With the line containing "blue peacock walking" as the start and the line containing "Peter Pan's Never Land - Tokyo DisneySea" as the end, transcribe that span of the entries below exactly, including both.

====== Records for this task ======

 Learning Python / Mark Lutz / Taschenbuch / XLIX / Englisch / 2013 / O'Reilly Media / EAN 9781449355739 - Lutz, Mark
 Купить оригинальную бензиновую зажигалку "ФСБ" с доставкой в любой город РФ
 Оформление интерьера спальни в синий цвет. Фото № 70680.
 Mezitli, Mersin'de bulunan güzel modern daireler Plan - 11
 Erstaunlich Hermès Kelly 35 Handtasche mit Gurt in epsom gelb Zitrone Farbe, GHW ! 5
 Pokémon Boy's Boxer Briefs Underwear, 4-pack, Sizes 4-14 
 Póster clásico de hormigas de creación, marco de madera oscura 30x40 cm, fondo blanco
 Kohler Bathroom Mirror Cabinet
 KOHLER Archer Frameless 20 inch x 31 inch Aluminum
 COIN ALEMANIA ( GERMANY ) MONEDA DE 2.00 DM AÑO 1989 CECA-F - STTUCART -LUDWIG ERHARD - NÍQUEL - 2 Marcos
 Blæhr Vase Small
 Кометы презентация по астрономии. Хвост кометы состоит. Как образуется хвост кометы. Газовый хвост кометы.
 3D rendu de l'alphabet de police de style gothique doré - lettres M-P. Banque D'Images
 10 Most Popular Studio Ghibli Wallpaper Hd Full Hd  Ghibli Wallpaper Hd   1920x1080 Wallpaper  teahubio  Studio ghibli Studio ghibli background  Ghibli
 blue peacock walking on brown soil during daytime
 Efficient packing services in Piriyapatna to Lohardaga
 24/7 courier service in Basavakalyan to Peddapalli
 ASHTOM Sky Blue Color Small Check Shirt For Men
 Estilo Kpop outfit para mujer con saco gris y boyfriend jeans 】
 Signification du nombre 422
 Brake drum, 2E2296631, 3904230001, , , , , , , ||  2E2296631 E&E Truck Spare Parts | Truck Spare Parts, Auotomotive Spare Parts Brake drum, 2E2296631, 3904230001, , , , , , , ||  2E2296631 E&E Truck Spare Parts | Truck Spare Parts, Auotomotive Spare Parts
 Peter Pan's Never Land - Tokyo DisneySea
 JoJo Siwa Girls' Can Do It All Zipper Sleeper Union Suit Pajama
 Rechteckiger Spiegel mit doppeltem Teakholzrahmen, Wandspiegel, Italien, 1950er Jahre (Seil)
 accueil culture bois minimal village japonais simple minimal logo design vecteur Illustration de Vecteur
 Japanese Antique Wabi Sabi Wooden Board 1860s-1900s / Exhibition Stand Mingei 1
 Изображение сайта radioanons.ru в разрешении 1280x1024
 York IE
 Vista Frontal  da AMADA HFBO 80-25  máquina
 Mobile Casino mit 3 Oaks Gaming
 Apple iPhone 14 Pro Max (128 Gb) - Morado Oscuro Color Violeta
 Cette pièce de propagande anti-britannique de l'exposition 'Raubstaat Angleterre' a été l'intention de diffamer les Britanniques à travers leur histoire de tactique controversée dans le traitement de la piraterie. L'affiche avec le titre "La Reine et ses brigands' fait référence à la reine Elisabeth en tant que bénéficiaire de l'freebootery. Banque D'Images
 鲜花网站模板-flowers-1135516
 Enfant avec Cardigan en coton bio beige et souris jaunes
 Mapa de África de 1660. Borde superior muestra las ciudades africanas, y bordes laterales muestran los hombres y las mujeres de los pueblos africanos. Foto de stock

======

▶ **Exercise answer**:
 blue peacock walking on brown soil during daytime
 Efficient packing services in Piriyapatna to Lohardaga
 24/7 courier service in Basavakalyan to Peddapalli
 ASHTOM Sky Blue Color Small Check Shirt For Men
 Estilo Kpop outfit para mujer con saco gris y boyfriend jeans 】
 Signification du nombre 422
 Brake drum, 2E2296631, 3904230001, , , , , , , ||  2E2296631 E&E Truck Spare Parts | Truck Spare Parts, Auotomotive Spare Parts Brake drum, 2E2296631, 3904230001, , , , , , , ||  2E2296631 E&E Truck Spare Parts | Truck Spare Parts, Auotomotive Spare Parts
 Peter Pan's Never Land - Tokyo DisneySea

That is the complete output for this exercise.